Task objective: Take the lines below from the one with "hodnoty motorizace a" through the one with "Placa de identificación" and retype them exactly. Include nothing else, and no pictures.

Data supplied:

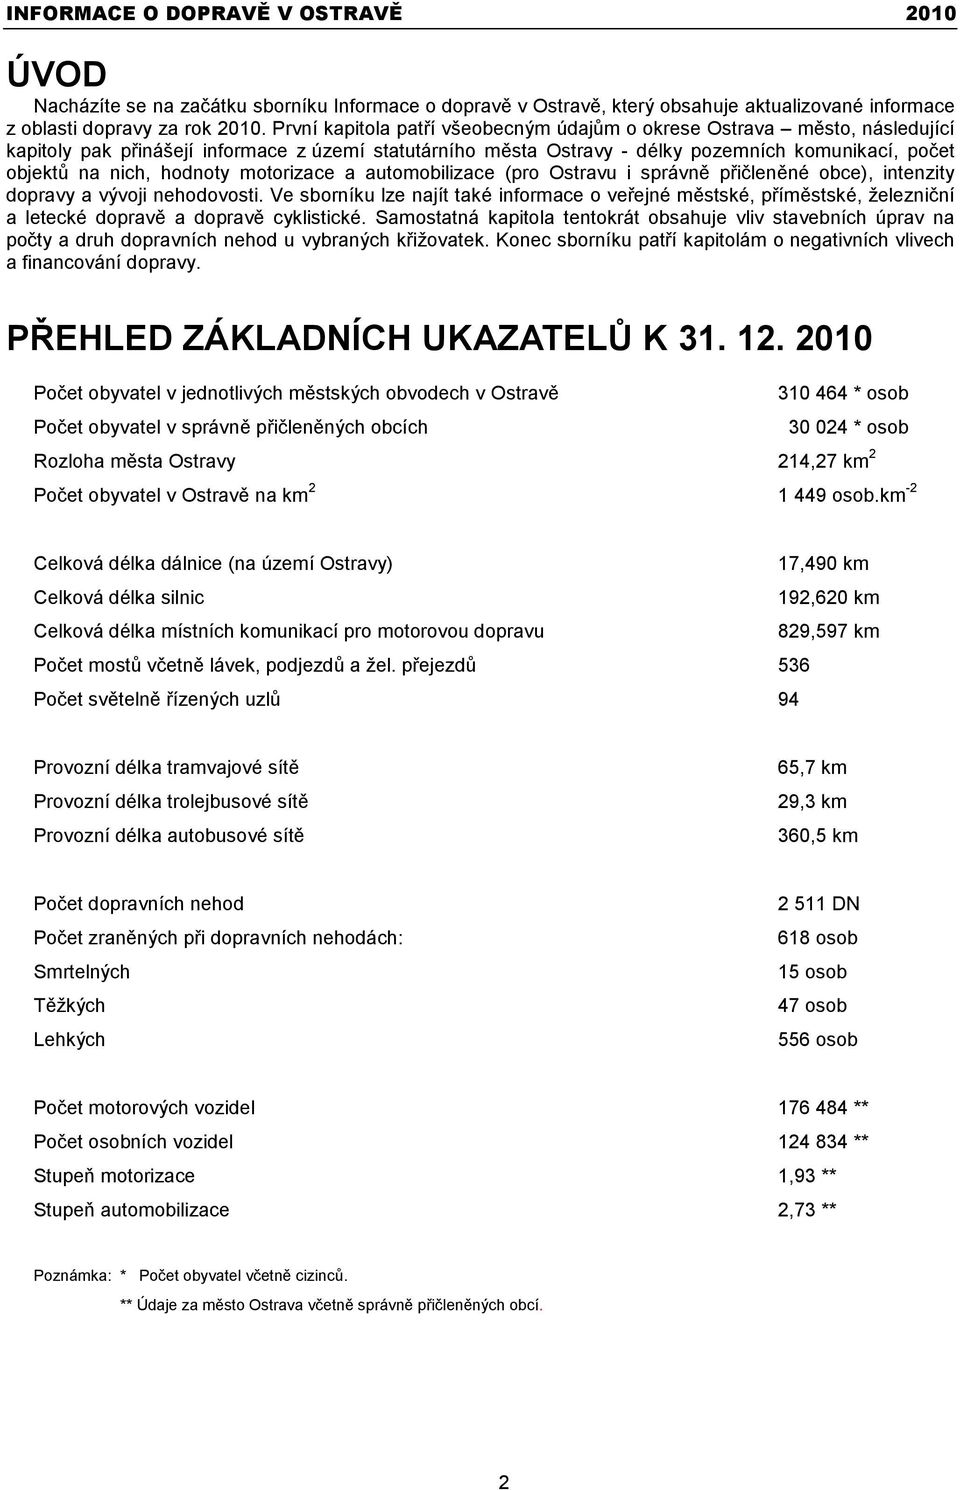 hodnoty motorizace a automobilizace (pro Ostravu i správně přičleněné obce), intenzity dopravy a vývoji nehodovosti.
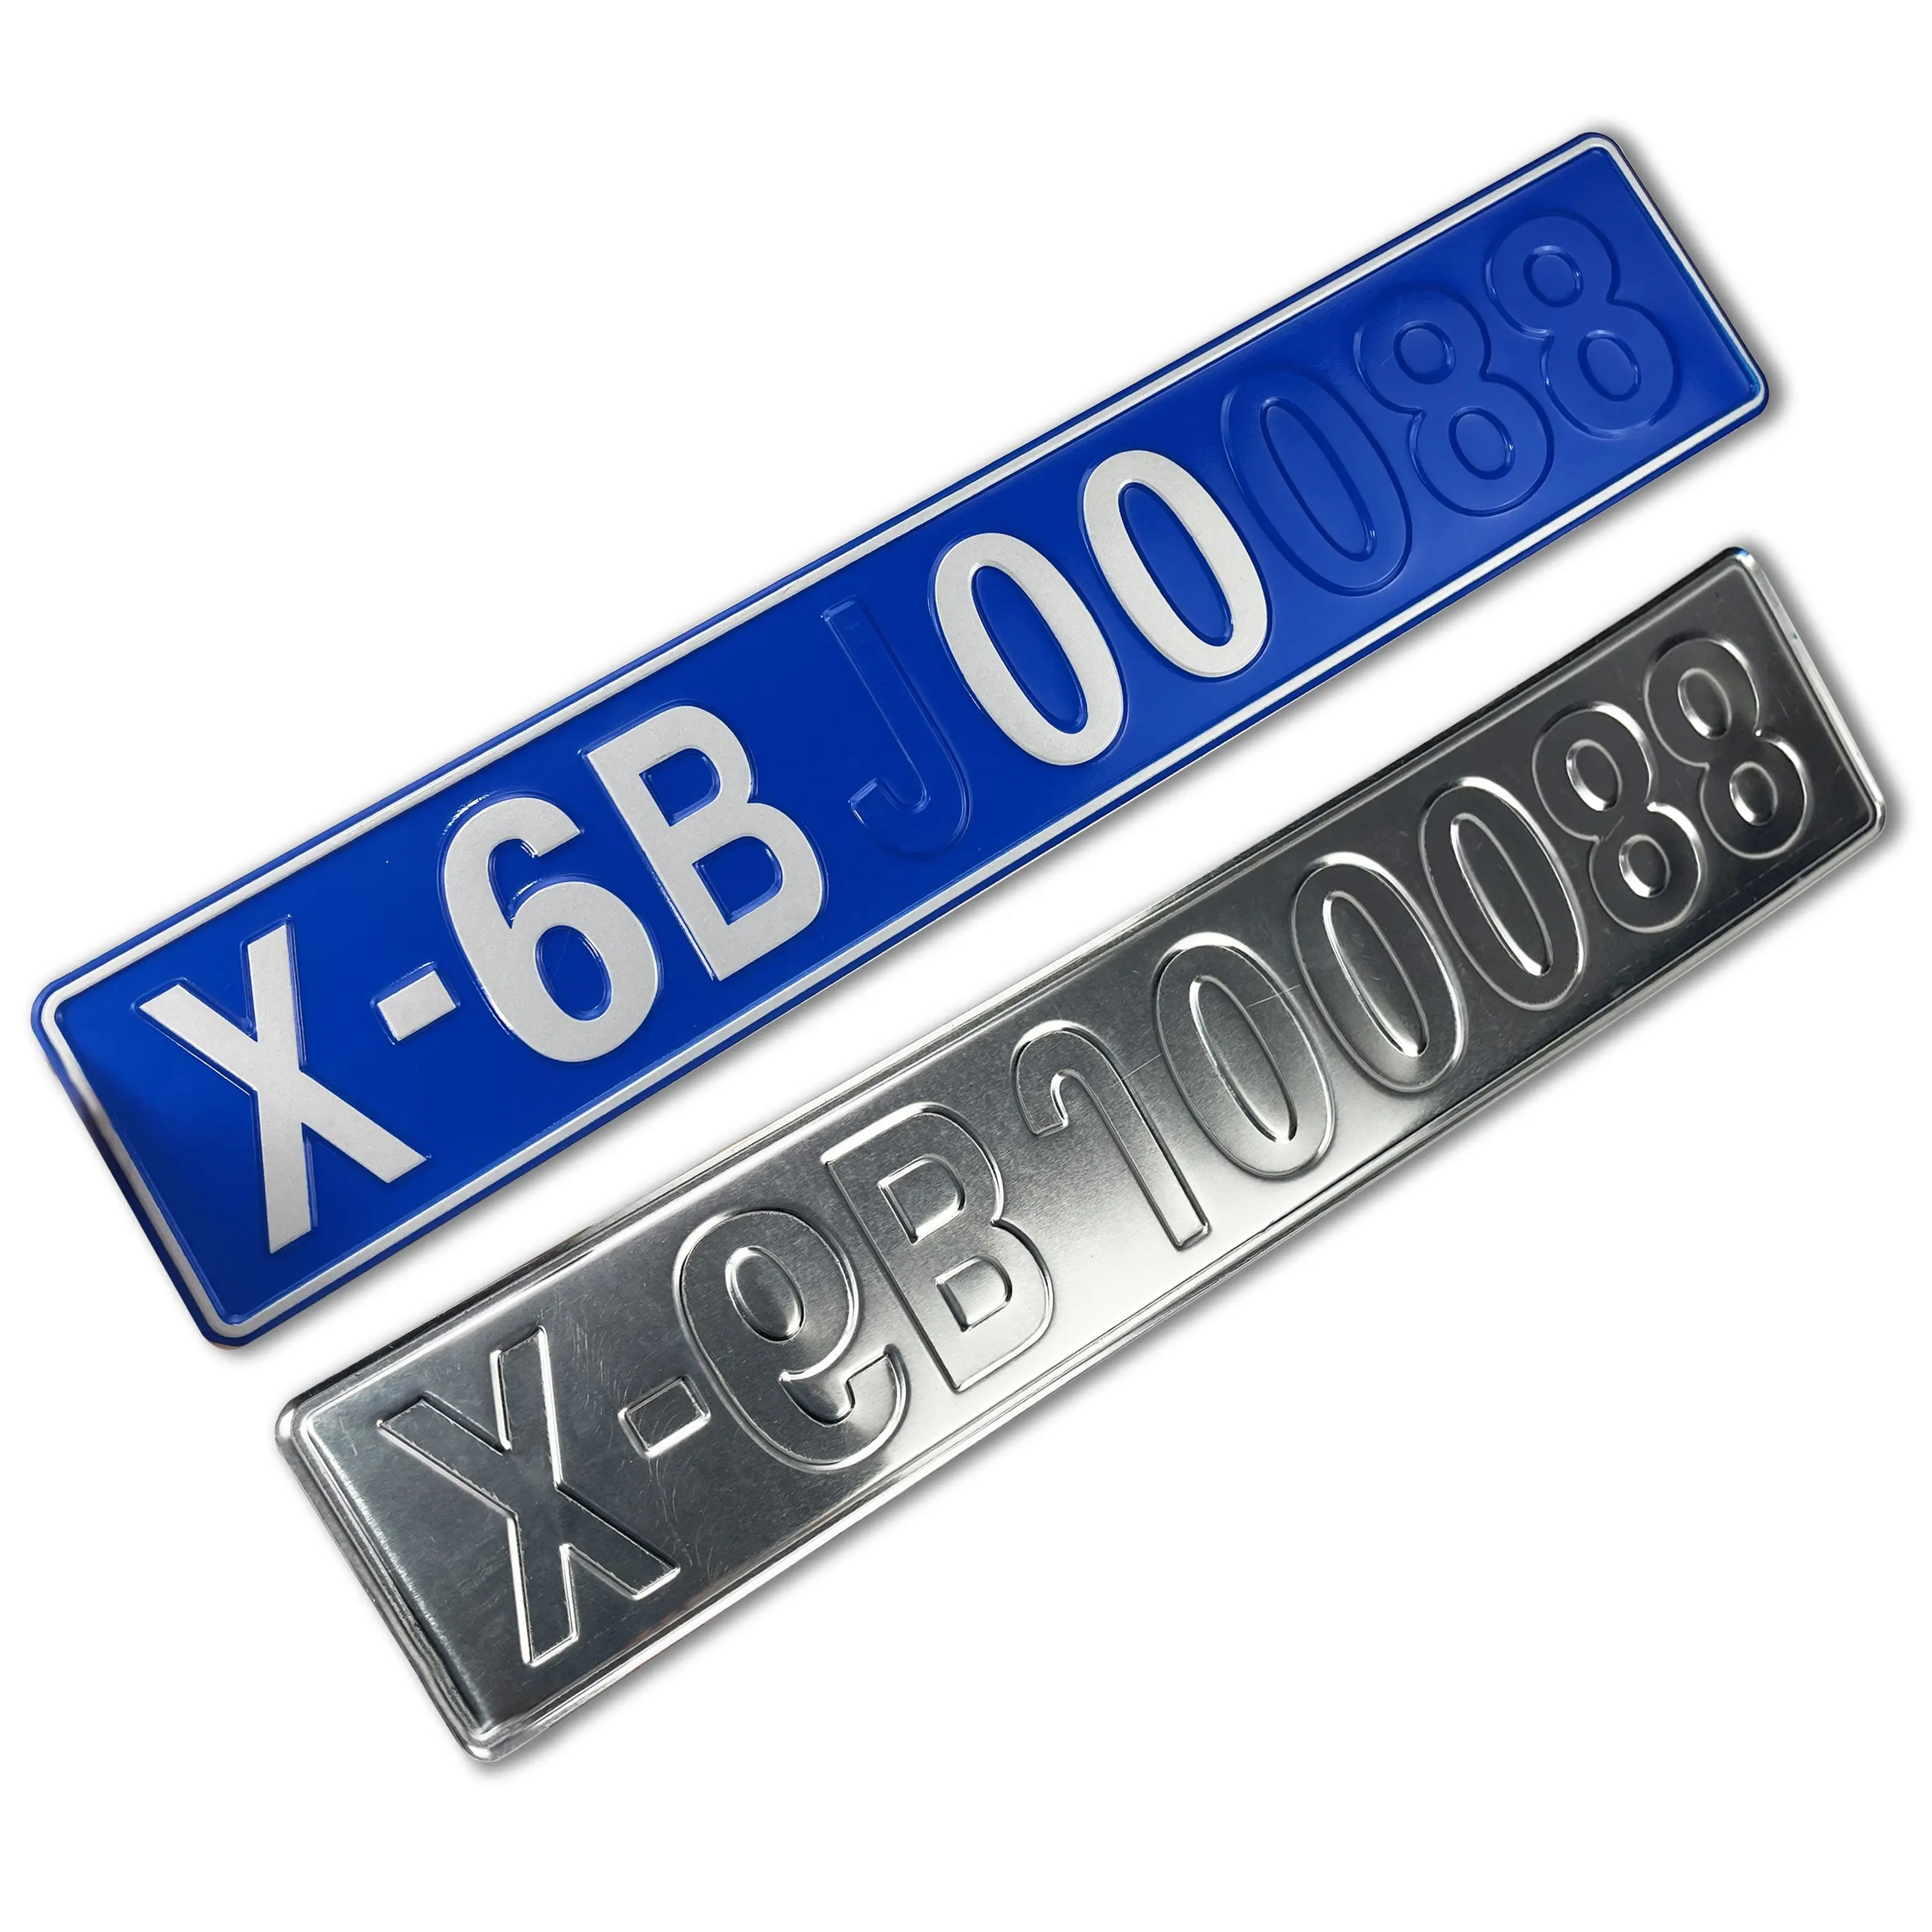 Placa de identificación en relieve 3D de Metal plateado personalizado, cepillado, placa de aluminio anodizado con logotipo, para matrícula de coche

---

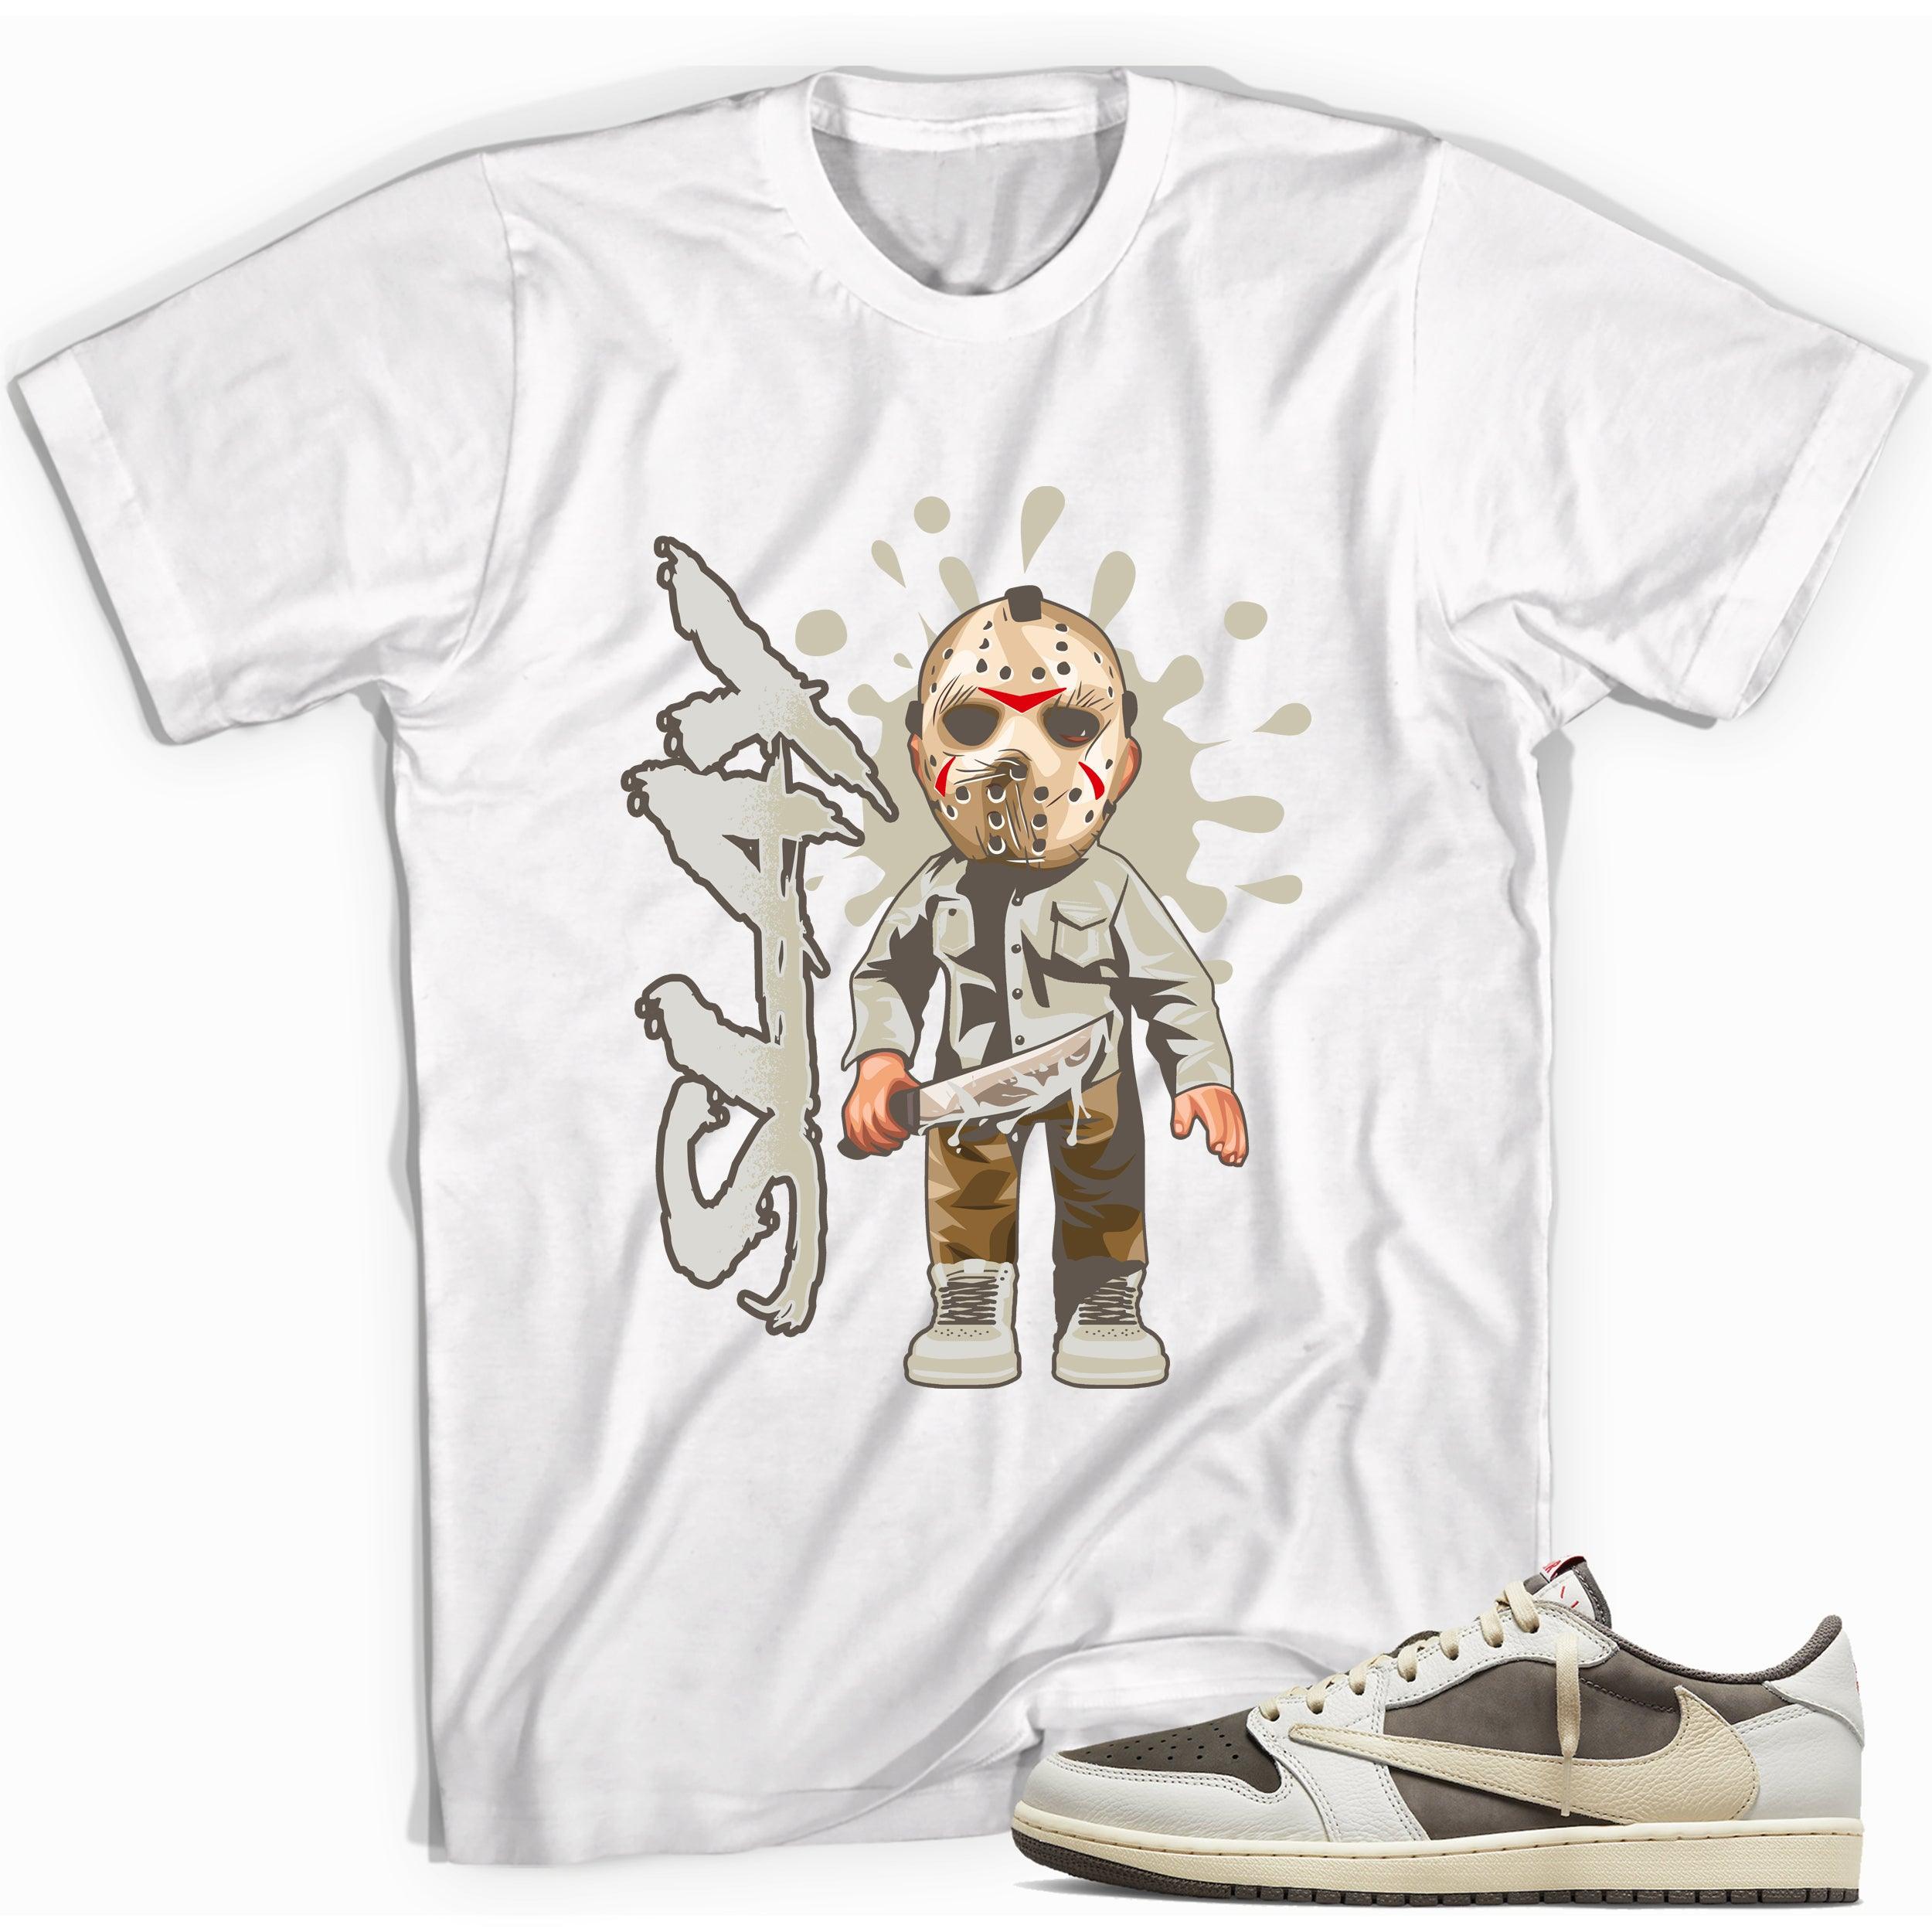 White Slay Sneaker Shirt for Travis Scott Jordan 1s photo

The completed task:
 hodnoty motorizace a automobilizace (pro Ostravu i správně přičleněné obce), intenzity dopravy a vývoji nehodovosti.
 Placa de identificación en relieve 3D de Metal plateado personalizado, cepillado, placa de aluminio anodizado con logotipo, para matrícula de coche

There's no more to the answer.